Venture Capital firms invested an astonishing $47.3 billion dollars into 3,617 budding companies in 2014 (2014 Venture Capital Report), and 2015 is on track to exceed that figure. In fact, VC funding is expected to reach levels not seen since the Dot-com boom. As a young company either seeking VC funding or presently answering to venture capitalists, it’s vital you become web savvy or hire someone who is, as expectations are certain to be high.
Even if your company is booming and your growth continues to increase, your job isn’t done. In order to endure, maintain the positive trend, and conquer your constantly changing goals, you must be prepared to try new things with your paid search efforts. Over the next few weeks, we’ll delve into PPC tips to help maintain this trend and reach your goals.

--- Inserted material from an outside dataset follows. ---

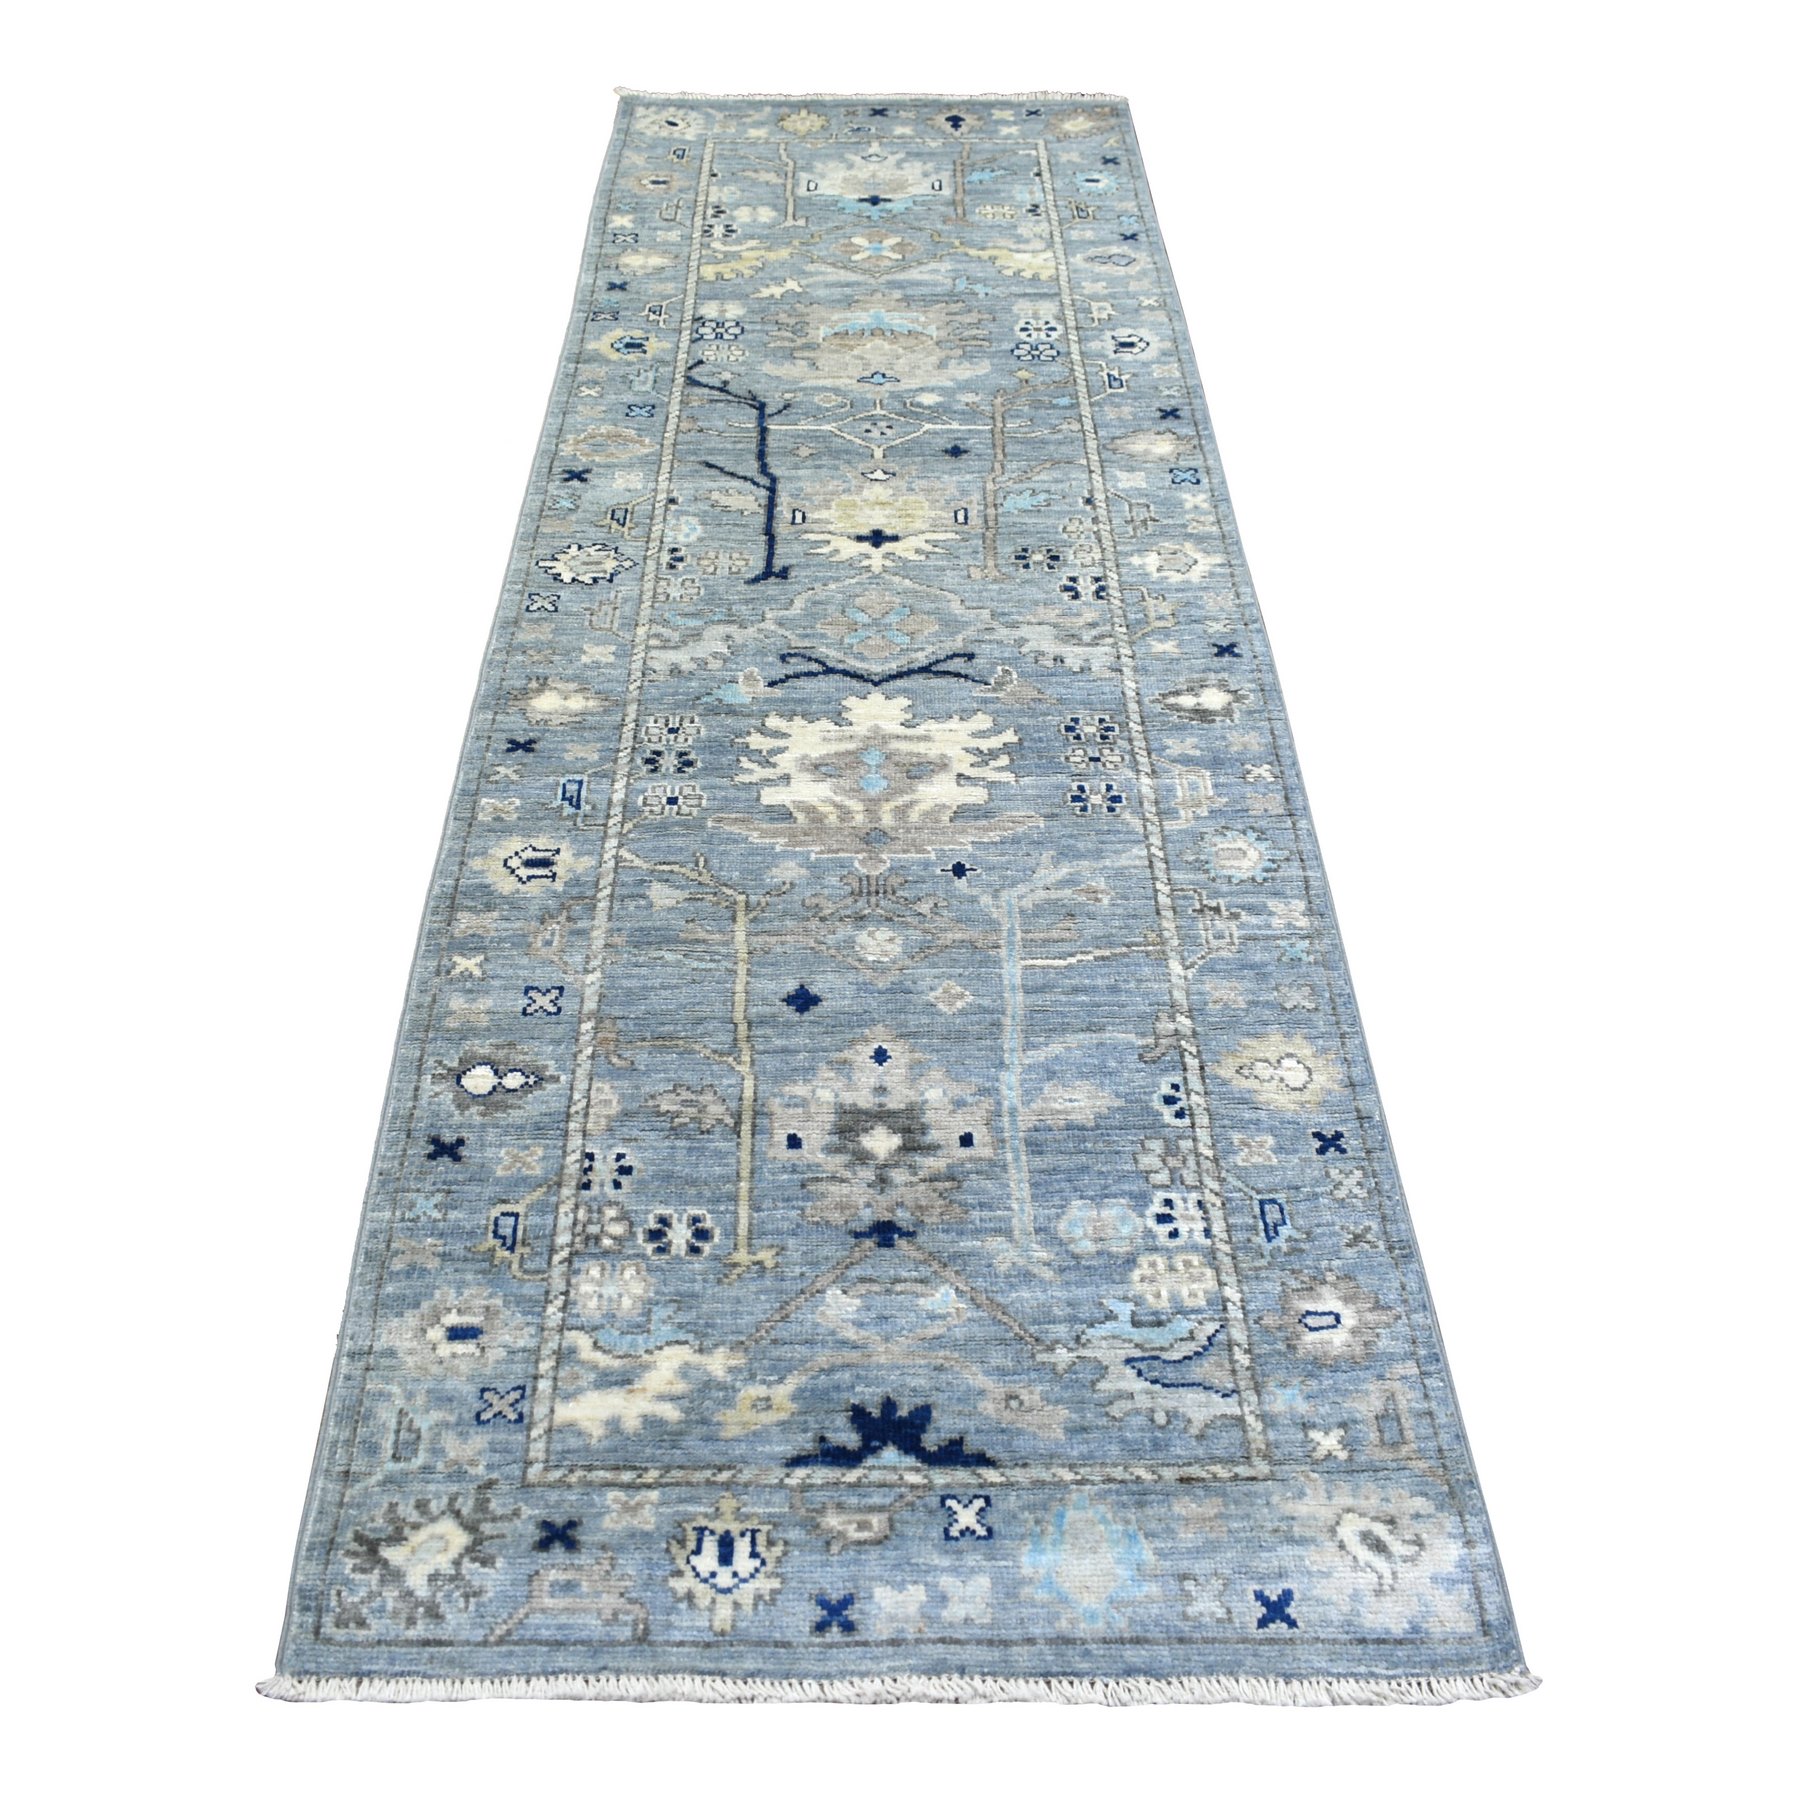 3'x9'6" Denim Blue Angora Ushak Natural Dyes, Flowing And Open Design, Afghan Wool Hand Woven Oriental Rug

Market Expansion When Revenue Goals Trump ROAS Goals
To continue increasing your month-over-month revenue growth, it is vital you explore other opportunities. Some expansion opportunities can be especially profitable for venture-backed companies include:
- Remarketing (AdRoll, Criteo, Steelhouse)
- Gmail Sponsored Ads
AdRoll, Criteo and Steelhouse are all remarketing platforms that have a presence on Facebook. In some cases, I test these three against each other and then optimize towards the top performer.
If you discover your competitors PPC strategy is to collect emails once users hit their landing page via pop-up ads from PPC traffic, Gmail Sponsored Ads could be a great way to steal some business from the competition. You can do this by targeting competitor terms via Gmail.